Confirmation of the plugging materials suggests that their over-expression and deposition in the phloem sieve elements is crucial to the mechanism for disease symptom development from the HLB disease. Schneider’s (1968), earlier study identified phloem collapse in response to HLB but was not done with modern equipment that could easily show the phloem transport disruption such as the sieve element plugging shown here that accompanies phloem necrosis.
Since the number of observed bacteria was small, why does the plant apparently over-react to the bacteria and produce large amounts of sieve element plugging materials?
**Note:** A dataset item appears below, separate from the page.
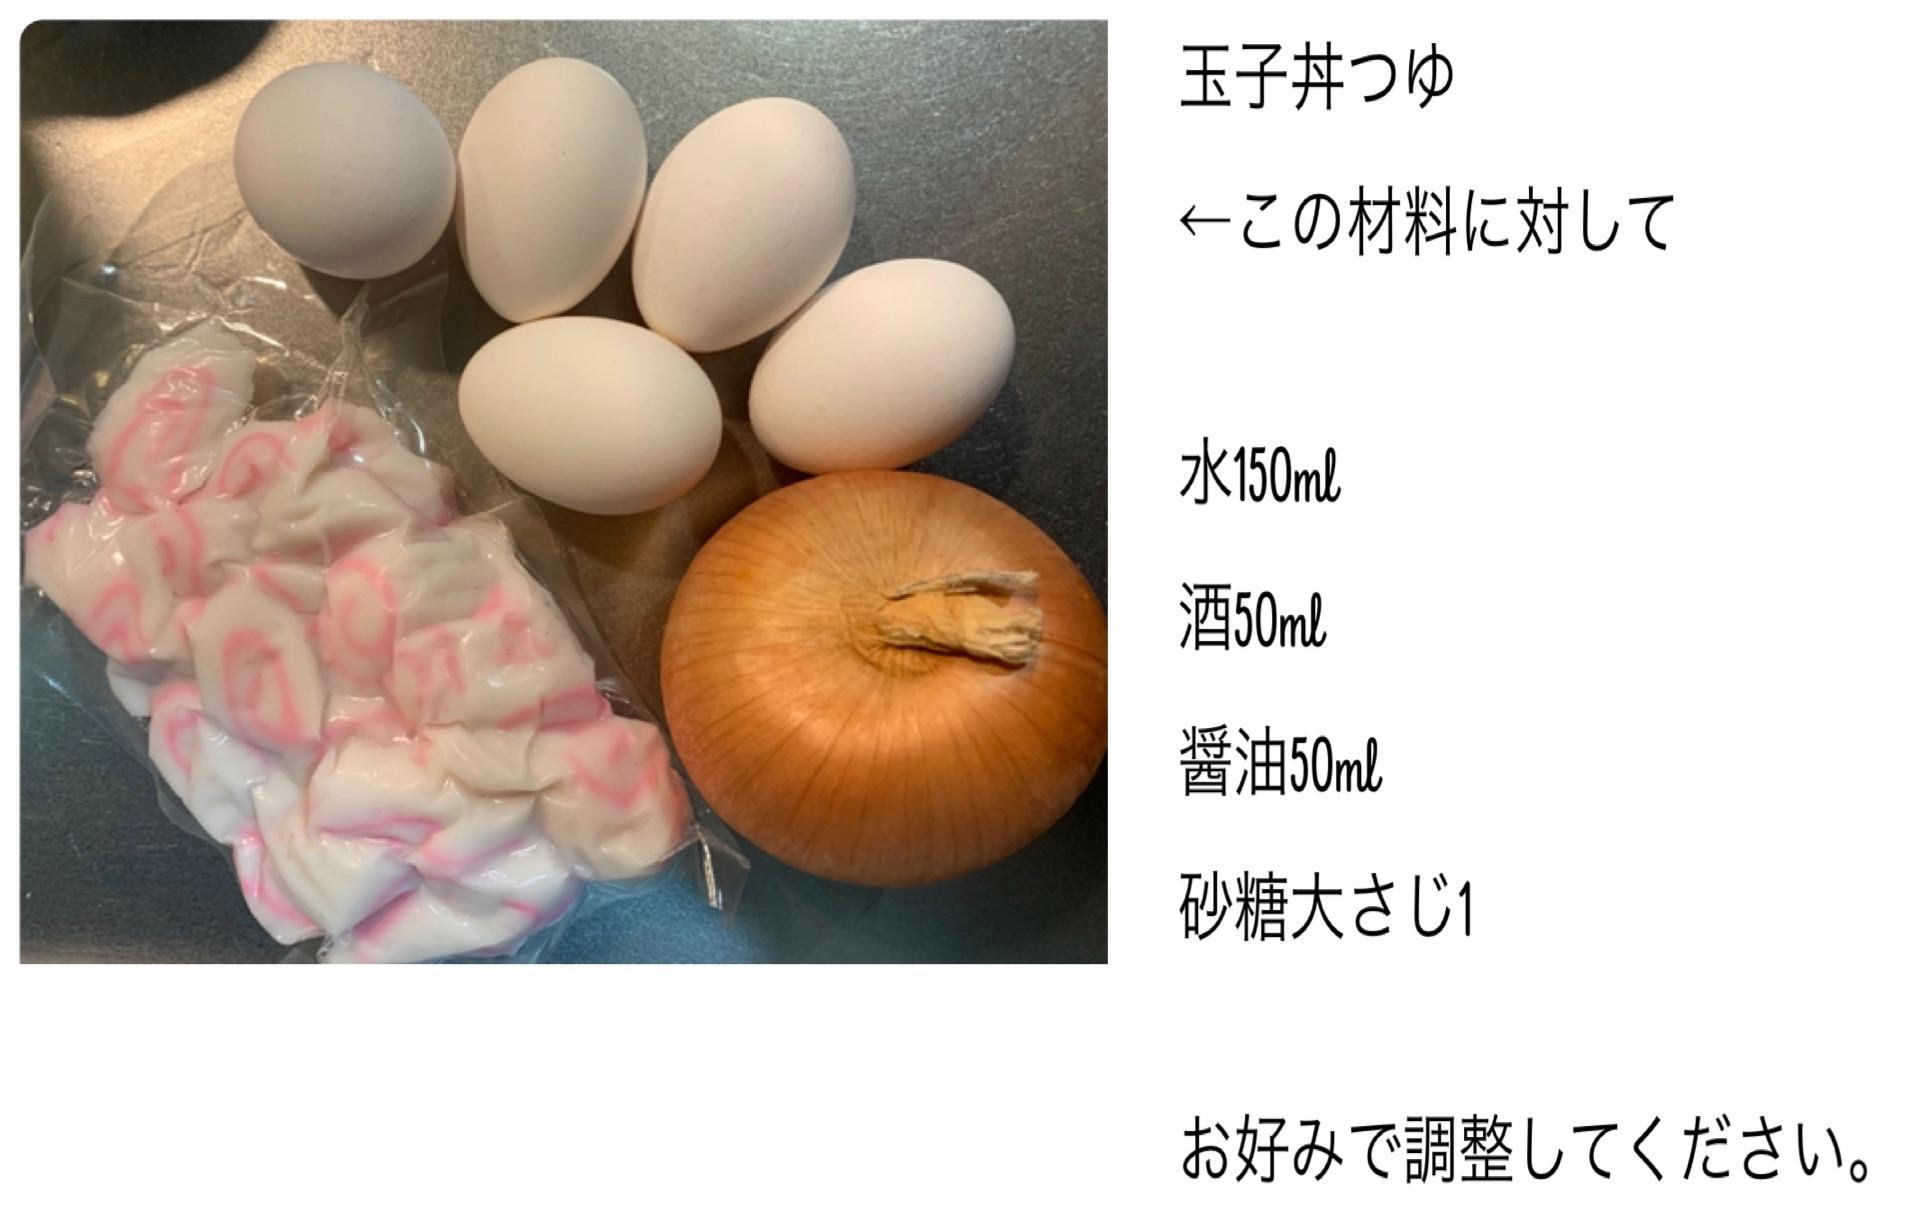 f:id:ikiruikeru43:20200519220419j:image

A chemical signal or toxin produced by the bacteria may stimulate production of beta-glucan and PP2. In bacteria, there are at least six independent secretion systems for various products including toxins, adhesions, hydrolytic enzymes and effectors delivered into the hosts to serve the bacteria (Alfano and Collmer, 1996; Bender et al., 1999; Economou, 1999; Filloux et al., 2008). Earlier study of phloem-limited phytoplasma bacterium, indicated that multiple proteins were secreted into the host to target developing tissues of plants (Hogenhout et al., 2008). It is unknown what virulence factors Ca. Liberibacter sp., are using, but knowing these factors seems crucial to further elucidation of the HLB disease process.
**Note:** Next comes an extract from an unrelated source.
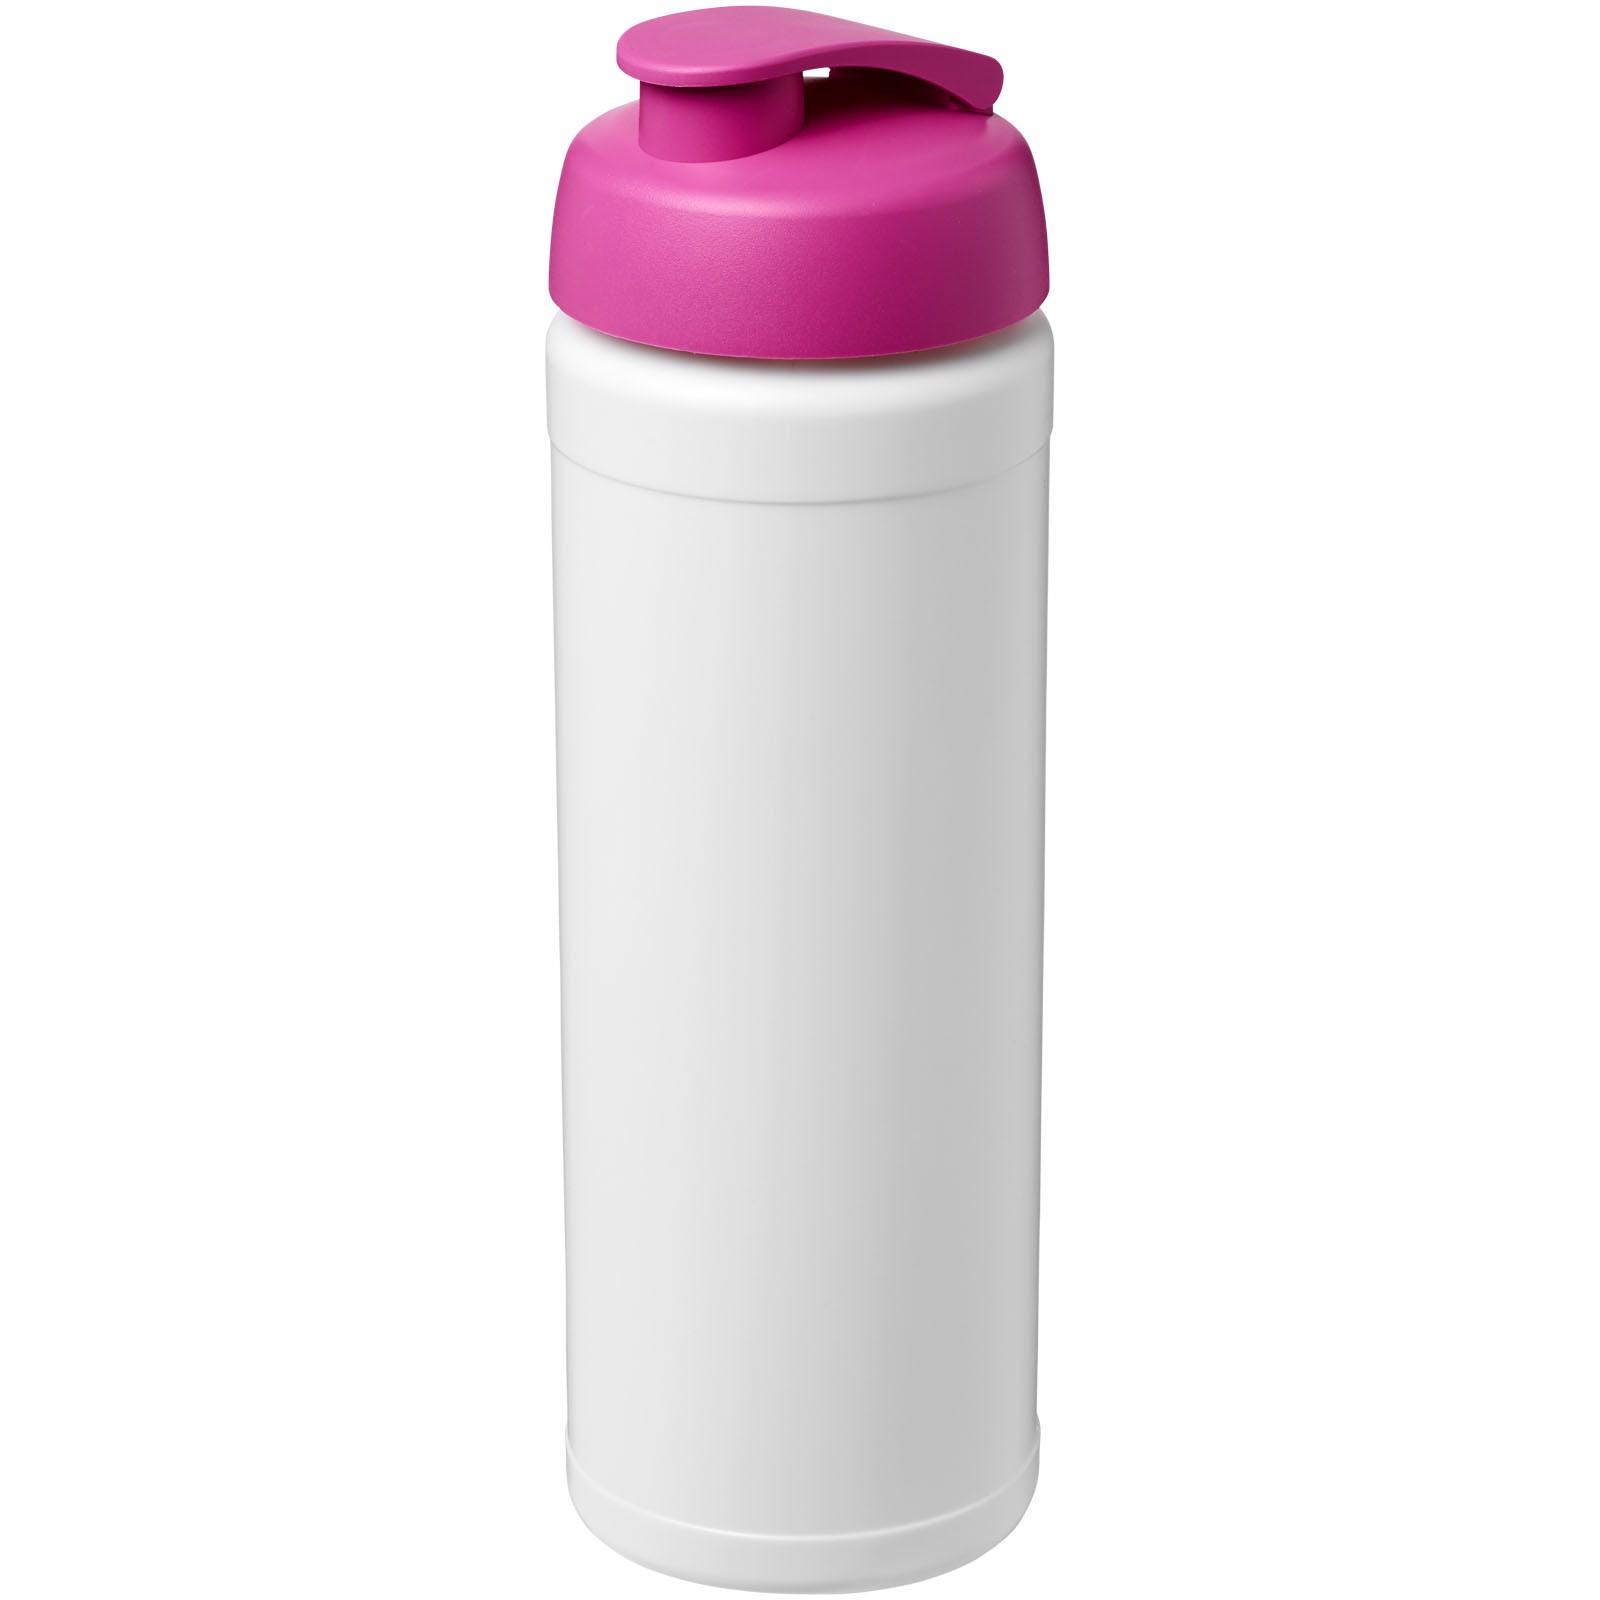 Baseline® Plus 750 ml flip lid sport bottle - White / Pink

Although, this study did not determine if sugar membrane transport was altered, it did show that phloem transport was disrupted by plugging and concurrent phloem collapse. This probably leads to the sugar and starch accumulation. The starch in chloroplasts did not disrupt the outer membranes but did significantly alter internal structure causing chlorosis. The phloem disruption is at least partially the result of callose (smooth) and phloem protein 2 (filamentous) plugging of the sieve elements. The causes of the phloem cell wall swelling and phloem cell necrosis were not determined by this study. Cell starvation below plugged areas may be the primary cause of cell necrosis (Albrigo et al., 1981), but bacterial produced toxins could also be causing cell death. This possibility is now under study.
CONCLUSION
Based on the data presented in this communication, several conclusions can be drawn with high degree of certainty on the nature and sequence of HLB symptom development in citrus trees. The distinctive initial blockage of the phloem elements observed in HLB-affected leaves (Fig. 4a, c, f) results from the deposition of two distinctive plugging substances. Our data demonstrate that these plugs are made up of callose (Fig. 4c) and p-protein (Fig. 5c) material. Simultaneous with the obstruction of phloem transport functions, a structural collapse of this tissue is observed (Fig. 3a). With the disruption of photoassimilate flow, massive starch accumulation takes place in the leaves from an abaxial to adaxial direction (Fig. 1b-c). At its maximum expression, the large size of accumulated starch grains damages the chloroplast grana system resulting in localized chlorosis. As a consequence of carbon sequestration in the leaves, roots starvation occurs resulting in tree decline (Etxeberria et al., 2009).